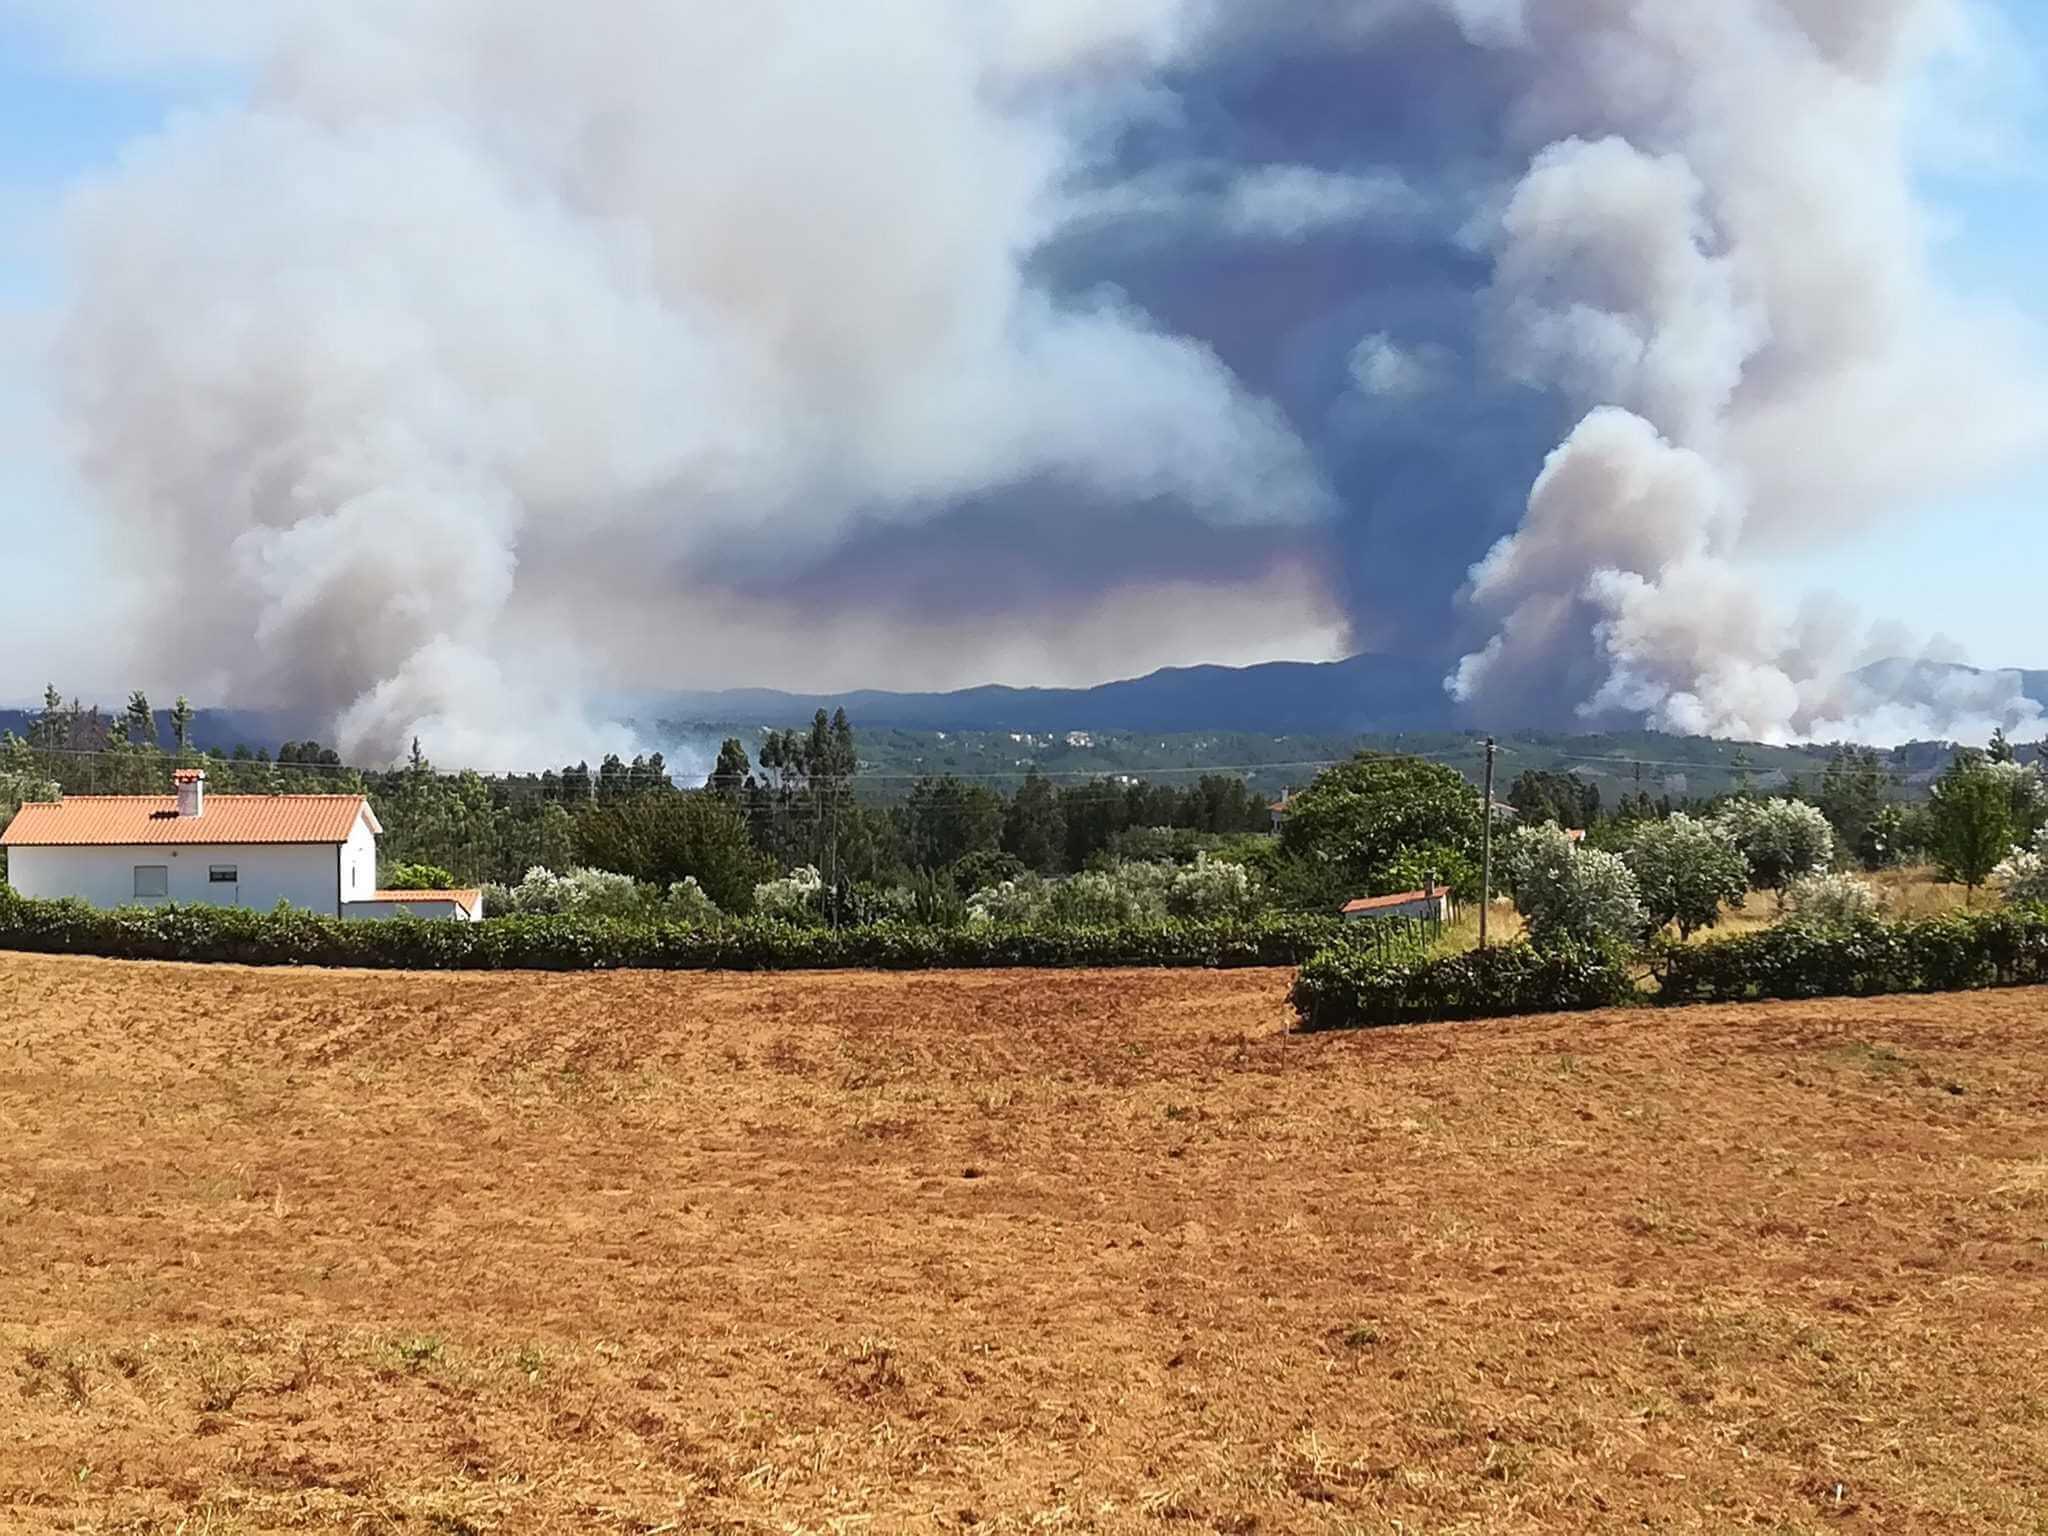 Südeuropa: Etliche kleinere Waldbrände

□ □ □ □

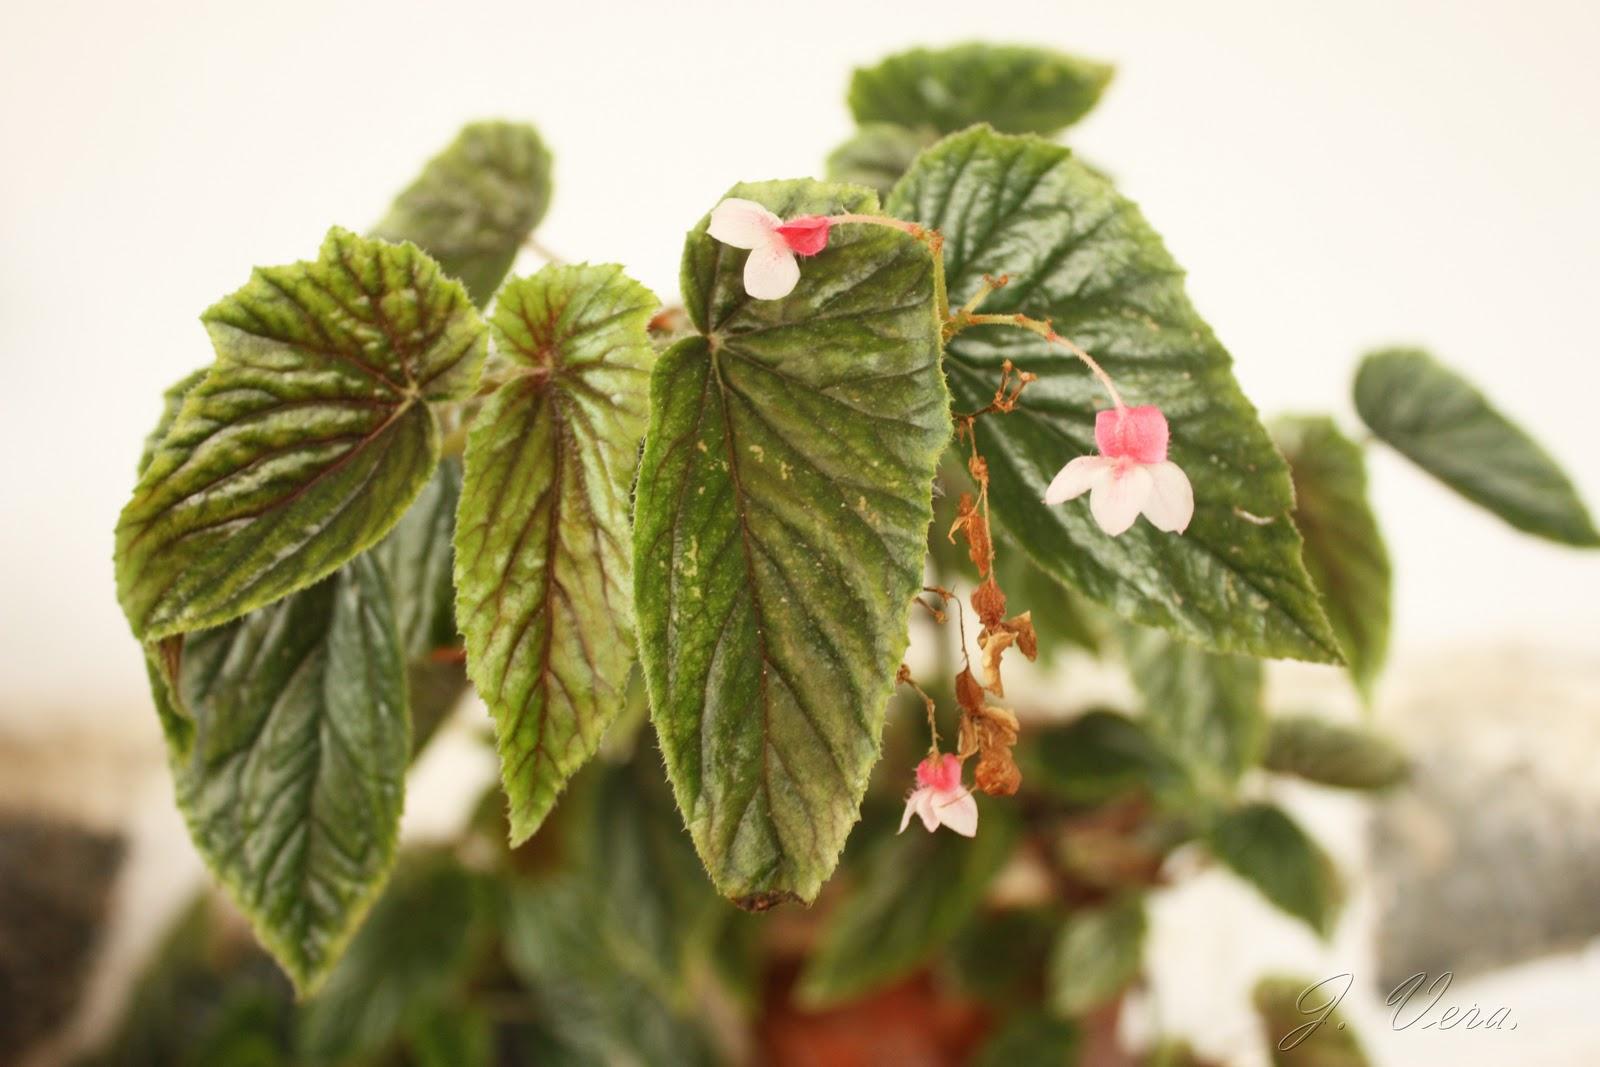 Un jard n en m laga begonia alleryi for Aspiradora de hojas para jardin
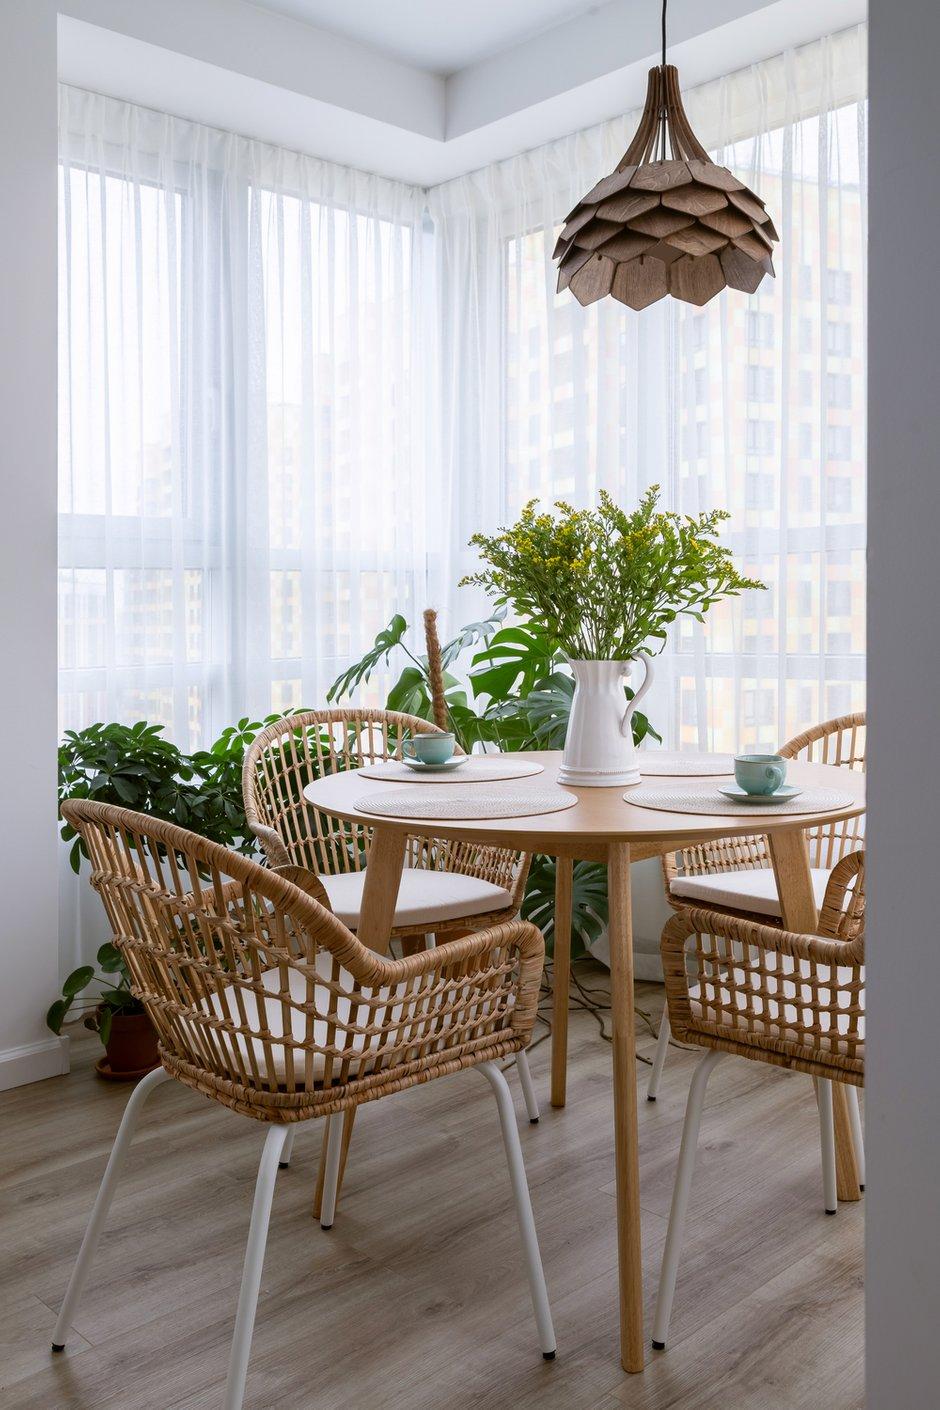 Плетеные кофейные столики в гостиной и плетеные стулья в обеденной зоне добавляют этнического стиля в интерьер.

□ □ □ □

## [EXERCISE INSTRUCTIONS]
Please return the material above only from the line that holds "Un jard n en" through the line that holds "Плетеные кофейные столики", exactly as it stands, ends included and pictures omitted.

## [ANSWER FOR THE TASK]
 Un jard n en m laga begonia alleryi for Aspiradora de hojas para jardin
 Плетеные кофейные столики в гостиной и плетеные стулья в обеденной зоне добавляют этнического стиля в интерьер.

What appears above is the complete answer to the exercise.